Starting at the line with "Fotografisk årsbok. 1948 - Red." and going on through the line with "Medium Mama Bear", reproduce each line in the records below exactly and nothing more.

▶ _Record set_:
================
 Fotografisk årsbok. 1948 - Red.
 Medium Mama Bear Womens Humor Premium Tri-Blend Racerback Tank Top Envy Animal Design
================
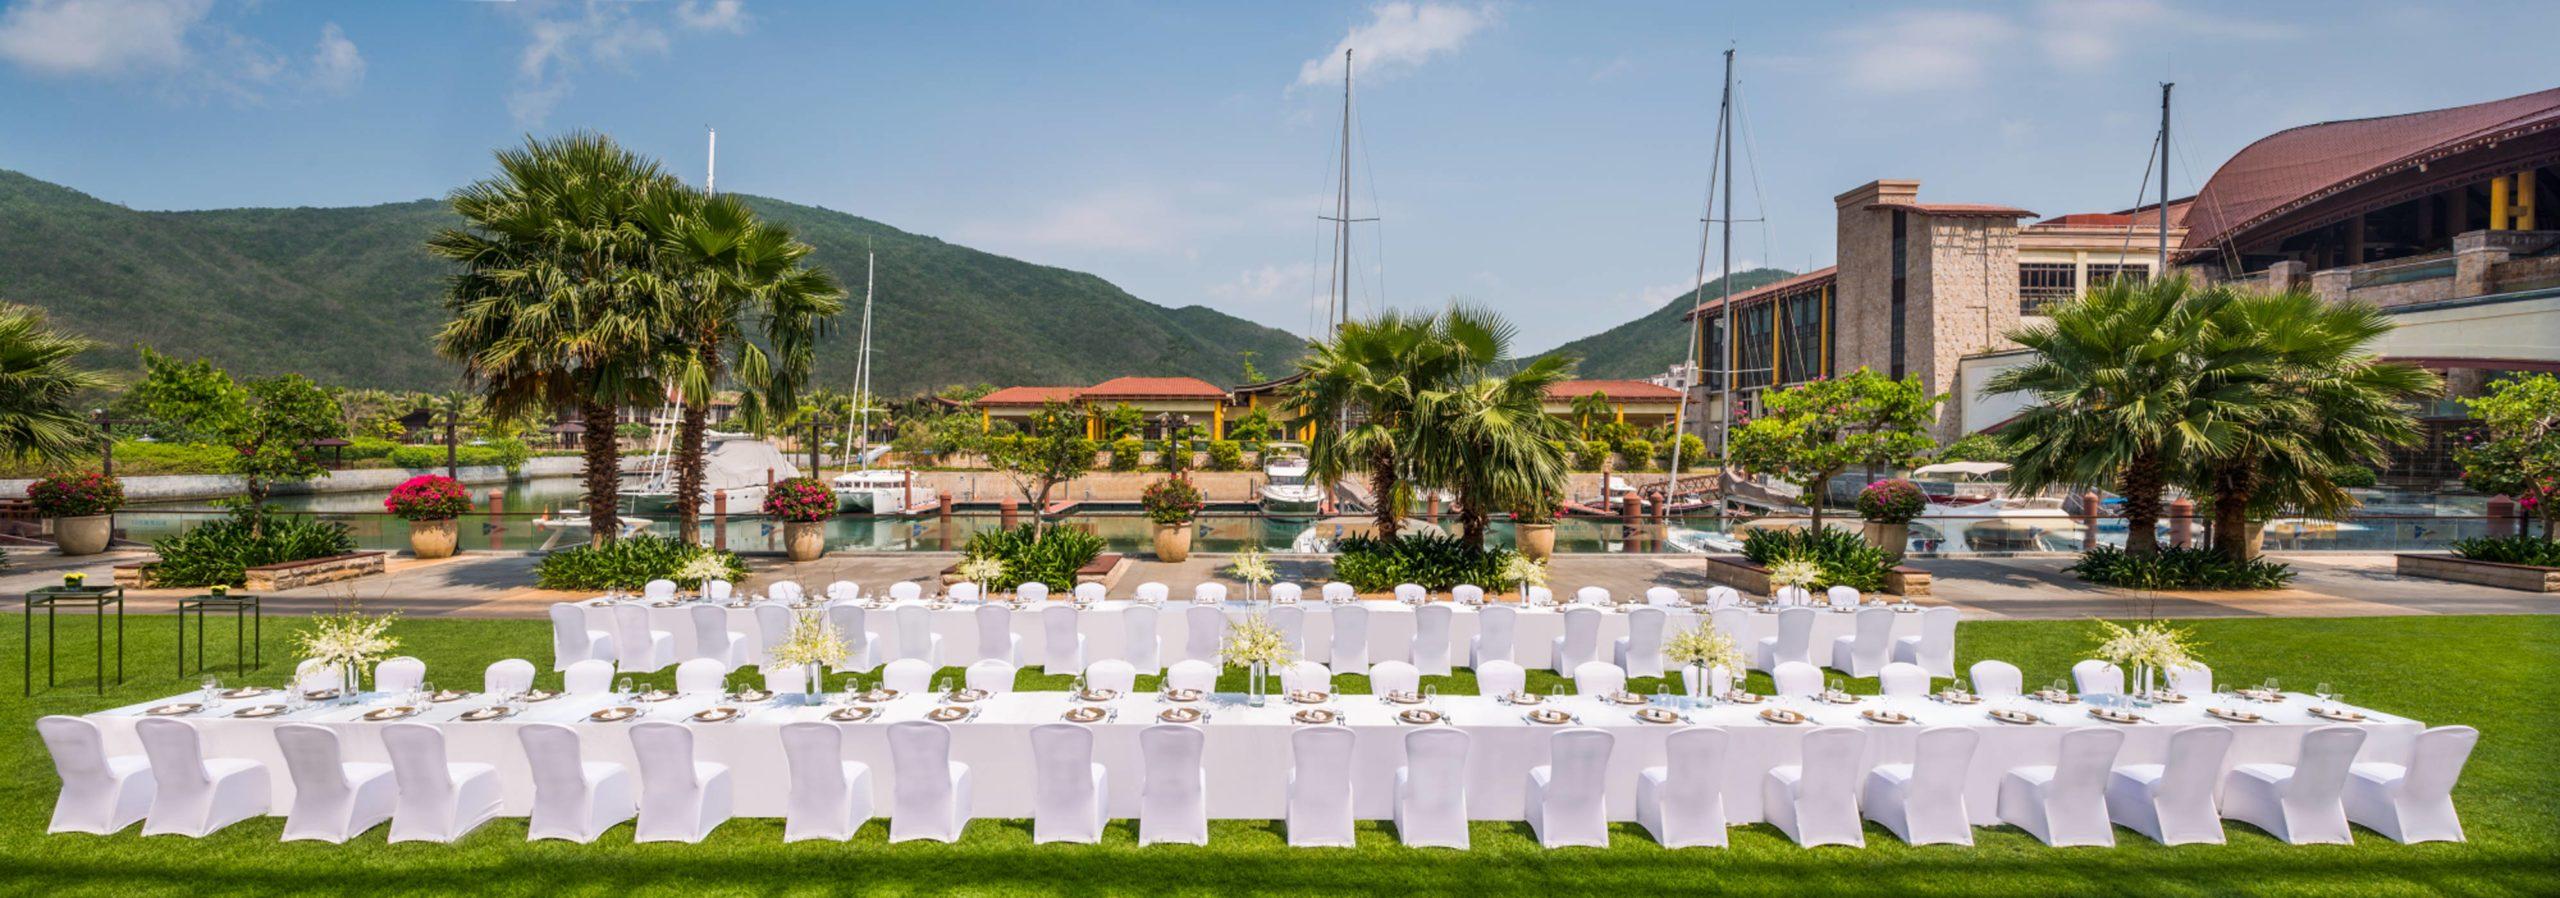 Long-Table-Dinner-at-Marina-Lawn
================
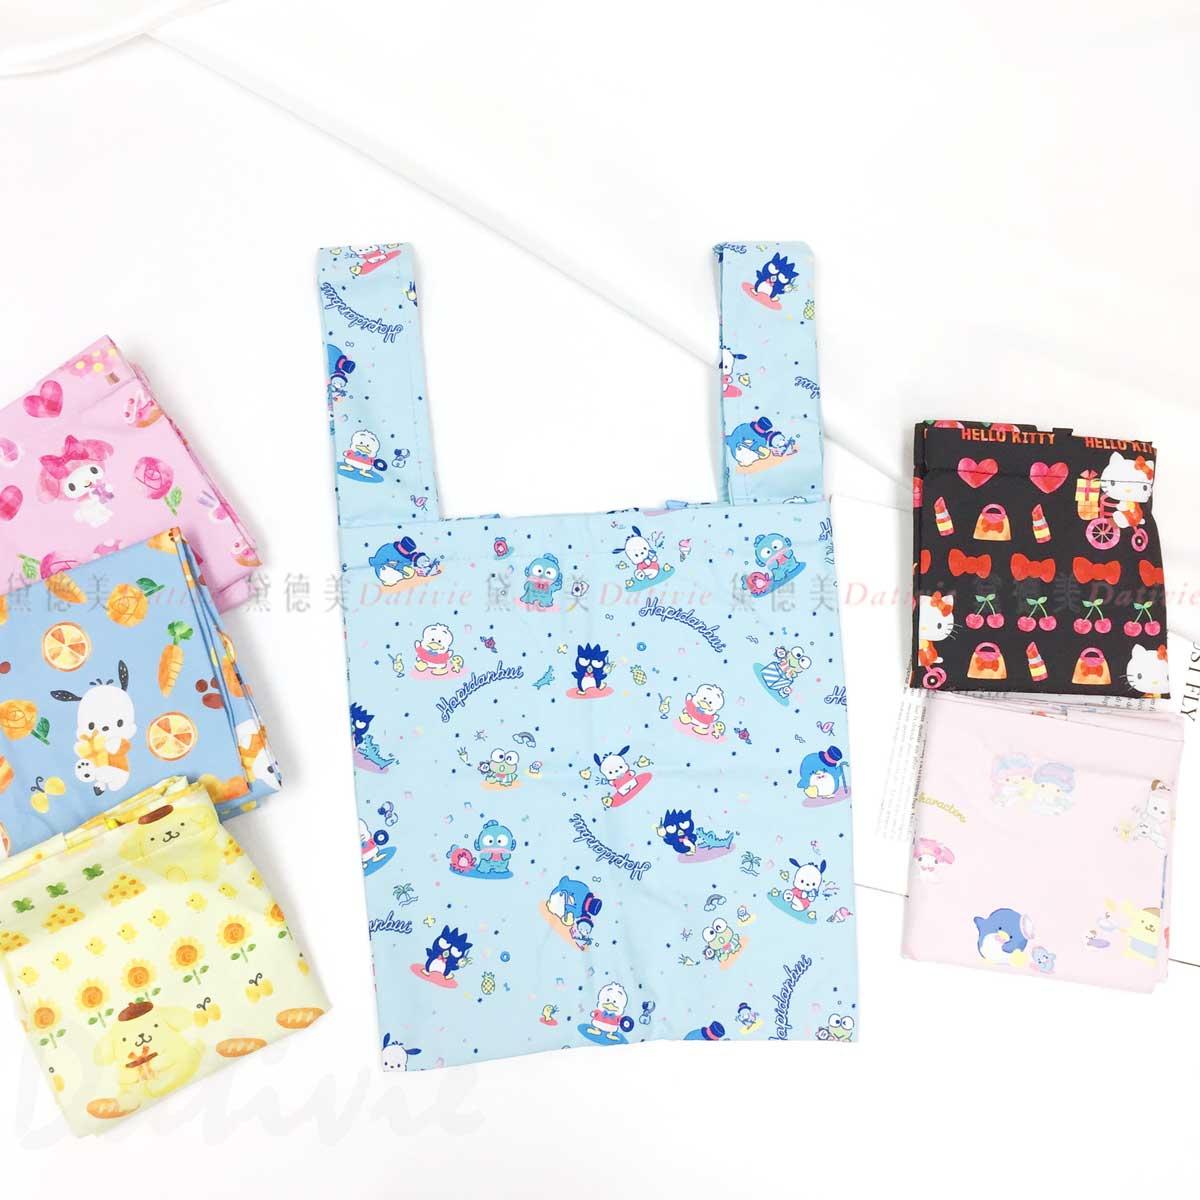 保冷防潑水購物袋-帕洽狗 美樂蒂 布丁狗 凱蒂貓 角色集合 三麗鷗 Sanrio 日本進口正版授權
================
▶ _Result of this task_:
 Fotografisk årsbok. 1948 - Red.
 Medium Mama Bear Womens Humor Premium Tri-Blend Racerback Tank Top Envy Animal Design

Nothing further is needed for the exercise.